Any body got any jigs or easy tricks for installing standard European drawer slides into existing cabinets?

I'm retrofitting a dresser and can't square off the face frame.
I need a way to see if the rails are in plane with each other.

Any tricks or jigs?

Thanks in advance............


----------



## Leo G (Oct 16, 2006)

What's a Euro drawer slide? Blum Tandems?


----------



## ash123 (Mar 14, 2010)

How about a Blum Min-Fix jig?


----------



## tcleve4911 (Dec 16, 2006)

I've just always called them Europoean...no?


----------



## jlhaslip (Jan 16, 2010)

Cut a piece of ply/osd/mdf about the depth of the slide and use it as a spacer from the bottom of the cabinet. 
Set the top ones and then reduce the height for the next set and repeat.
You will need to knock off the leading edge of the spacer. At least for the slides I use.


----------



## Leo G (Oct 16, 2006)

They look like epoxy slides to me. A couple bucks a pair. You can make a wooden square and drill some holes in it that correspond to the holes in the slides. Push the square into the appropriate hole and use a self centering VIX bit to pre drill the holes.


----------



## cabinetman (Jul 5, 2007)

If each drawer opening is separated by a rail, you can check them off the bottom of the cabinet, or with a square off the back. I've never had a problem with using squares right on the face of the face frame. 

There could be a differential if the bottom or back is off, but with checking in more than one place might settle that question. If the face frame extends into the drawer opening, leaving a gap, a filler piece may have to be inserted against the wall of the cabinet to bring it flush to the edge of the face frame.

Once that is done, an easy way of mounting the slides to the cabinet would be to use a piece of ¼" scrap plywood, and measure up from the bottom where each slide will be mounted (you get that reference from the rails on the face frame). Use a square and draw a line for the center of each slide for at least 3 mounting holes. Set the plywood in, up against your filler piece and firmly pressed against the back of the face frame. Then use a small pilot drill and just pilot the holes for all the slides. Then move that plywood to the other side without turning it and do the same thing.

Then remove the plywood and screw in all the slides. This method will also work with one big opening. With those, I use the height of each drawer front and figure out the gap between each one and lay out my slide lines off of that.

You could use one piece as a spacer from the bottom tall enough to start with the top mounted slide and keep cutting it down for each successive slide, but that's a lot of handling and takes time as each slide is done at a time. The bottom of the cabinet may not be square to the front of the cabinet, which will throw off the squareness of the slides.












 









.


----------



## TimPa (Jan 27, 2010)

jlhaslip said:


> Cut a piece of ply/osd/mdf about the depth of the slide and use it as a spacer from the bottom of the cabinet.
> Set the top ones and then reduce the height for the next set and repeat.
> You will need to knock off the leading edge of the spacer.
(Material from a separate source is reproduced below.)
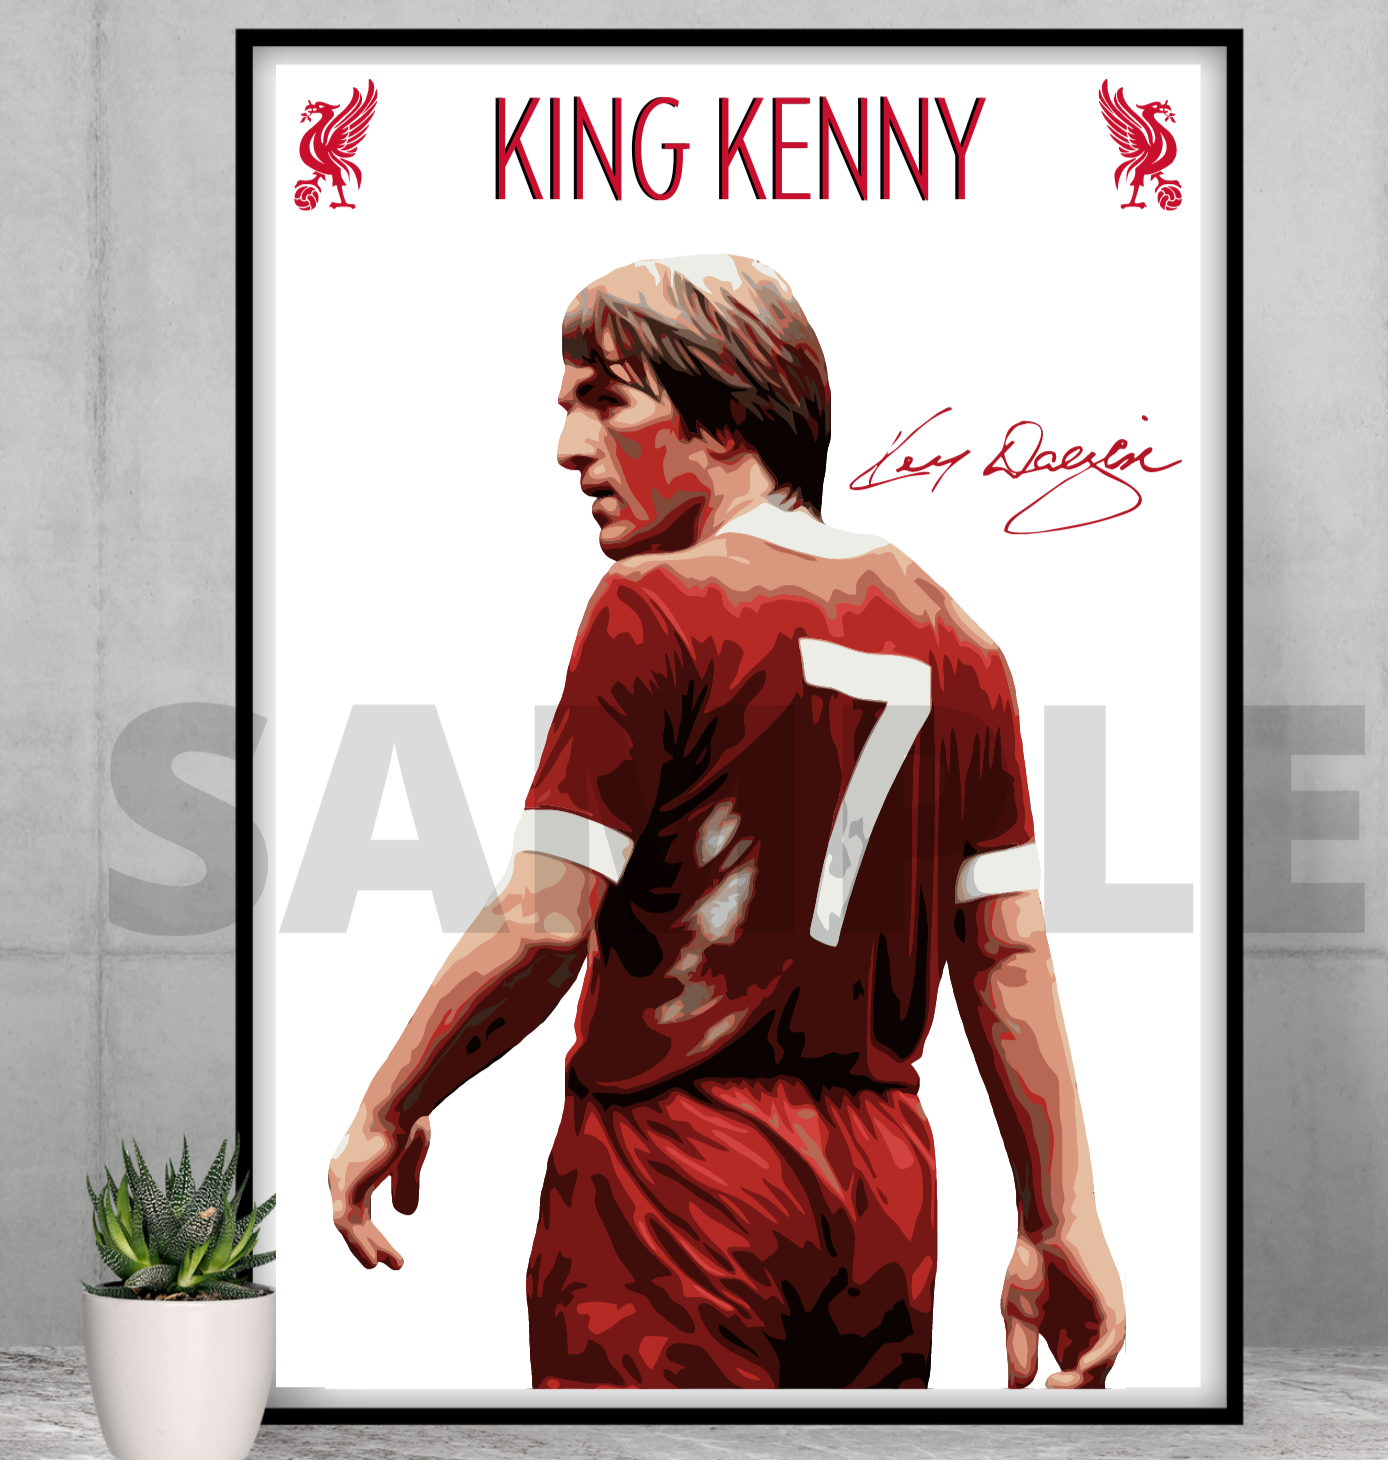 King Kenny Dalglish Liverpool Football memorabilia/collectable signed

At least for the slides I use.


this is what i do also. check for square from face on the first set.


----------



## awoodman (Dec 15, 2010)

Depending on the width of the face frame if their is room for rear mounting brackets to attach to the cabinet slide member. Then a strip of ply. that the brackets can be attached to. Slide the dr. in holding flush against the face frame and screw through the back of the cabinet and into the ply. strip.


----------